Renal Colic Scans with Dr Adrian Goudie
Patients presenting to the GP or ED with flank pain, colicky pain or pain with haematuria are pretty common. We know that a lot of these folk will turn out to have the dreaded kidney stones. We all have our own ways of deciding how to treat these patients. You may be aware that in September a big paper was released in the NEJM titled Ultrasound vs. CT for Suspected Nephrolitiasis. For many ED docs this paper just might be a game-changer. This was the first really big trial which looked at the bedside US vs. formal US vs. CT for the initial workup of this group of patients. And it seems to suggest that bedside US is a valid first test for most patients.
As a GP I think this is potentially a big change – if we can scan at the bedside in our clinic with the modern machines – we just might be able to do a pretty fair job of managing simple, uncomplicated renal stone disease without ever needing a hospital – that would be nice!
Anyway – I have been wanting to pick the brain of a much smarter ultrasonically-enhanced doctor about how this changes our practice in 2014 – so I managed to enlist the help of Dr Adrian Goudie [ED Physician, Ultrasound Village teacher, SMACC Sonowars combatant, Ultrasound Leadership Academy Professor and immediate past President of the Australasian Society of US in Medicine… and great bloke! ]
We had a natter about the paper, his practice and the pragmatic approach to patients with potential stones in the ED (or GP clinic).
Here is the podcast:
DIRECT DOWNLOAD HERE
Adrian has a really nice set of “rules” to guide us when working up suspected renal colic patients. It goes something like this:
- Treat the following groups with caution – you may want to be more aggressive with your imaging if the patient has:
- Known renal failure, or new renal failure
- Known congenital anomaly or single (transplanted etc.) kidney
- Signs of infection / sepsis / obstructed pus is bad.
- Extremes of age – you are just more likely to find other pathology that you don’t want to miss
- As a routine have a look at the aorta – this is low-hanging fruit and an important one to not “miss”.
- You should also consider the gallbladder, uterus, ovaries, testes and even the appendix if the clinical picture fits.
- Think outside the KIDNEY BOX – particularly if your renal scan is normal.
You can also check out an older Broome Docs Case [To Frolic with Colic: Case 035] where we looked at the value of “haematuria” in the investigation for renal colic. It is interesting to go back a few years and see the smart docs who anticipated this research with their comments- Dr Goudie was one of them!
Also check out the Renal Ultrasound talk from Matt Dawson at Castlefest a while back. So you can see what stones etc look like.
There is a great “Cheat sheet” for reference when scanning from my friends at the Sonocavge HERE – Thanks Dr Goudie and Dr Rippey.
Let me know if this will change your practice…. or not.
Casey
Hi Casey, love your show
I work in a rural nth qld hospital setting
I agree that we need to be circumspect about CTing suspected renal colic patients.
However, in my mind the size and position of the stone are very useful pieces of information which USS cannot often answer.

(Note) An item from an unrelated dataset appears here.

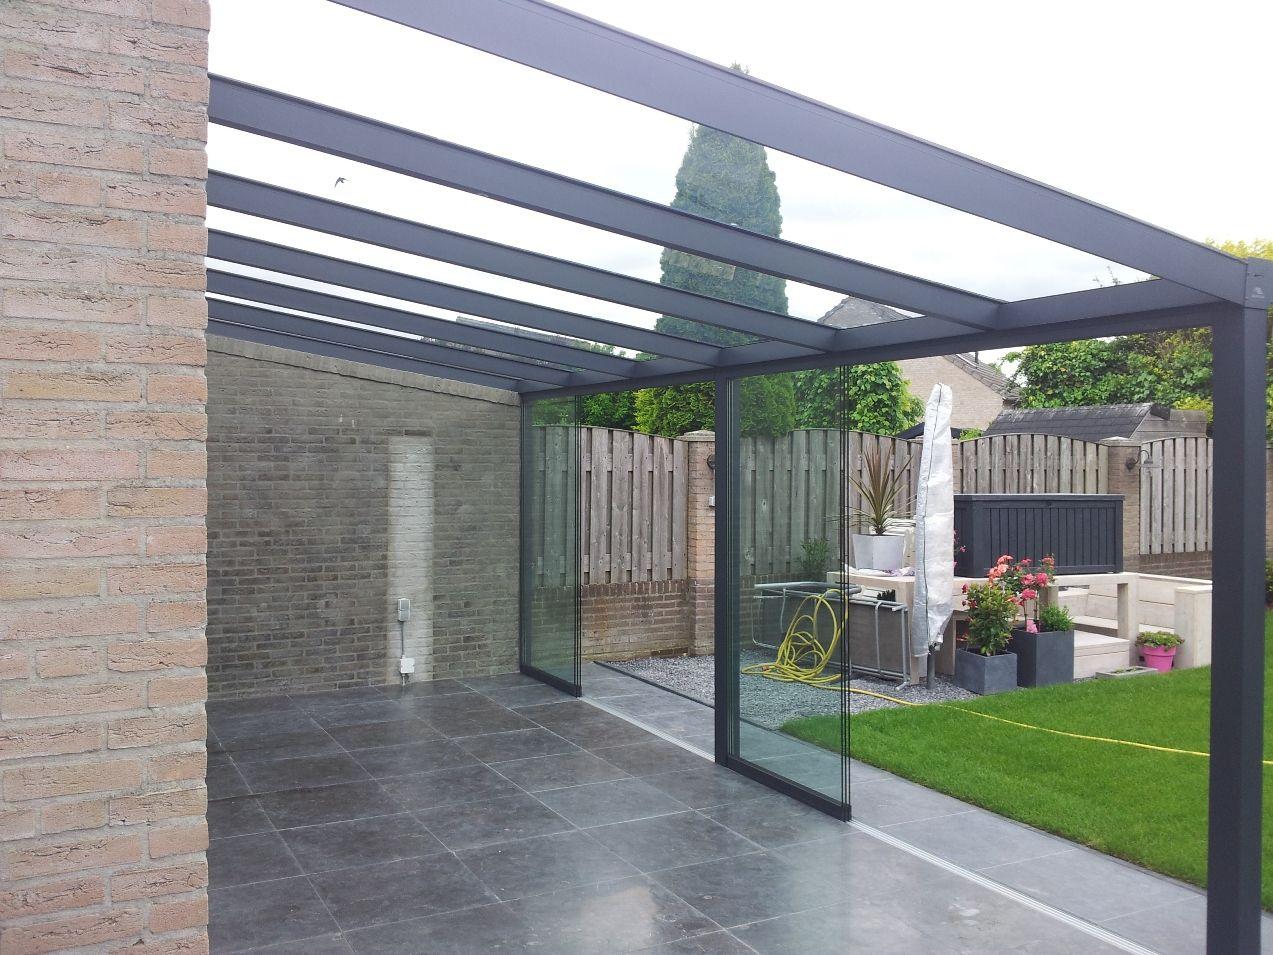 429 gumax terrasoverkapping met glazen dak en glazen schuifwanden

If a patient presents for the first time with typical renal colic pain, haematuria and is found to have a 10mm stone, hydroureter, hydronephrosis on CT then that will effect my disposition plans leaning towards early involvement of a urologist, whereas a 2mm VUJ stone can safely be sent home with analgaesia and a strainer.
It is true that developing self sufficiency in renal/ ureteric scanning can help in making the diagnosis out of hours, and help exclude other uglier diagnoses but sending patients with large calculi home generally leads to unseemly representations at odd hours.
I often would use USS to diagnose renal calculi/ hydronephrosis/ hydroureter but then in patients presenting for the first time or the first time in years would follow that with CT to characterize the calculus. The old method of plain film KUB to document movement of the calculus over the next days to weeks is sometimes is helpful when the stone is radioopaque.
The NEJM article appears to refute my clinical beliefs about renal calculi but i have only been able to read the abstract. Size does matter with calculi doesnt it?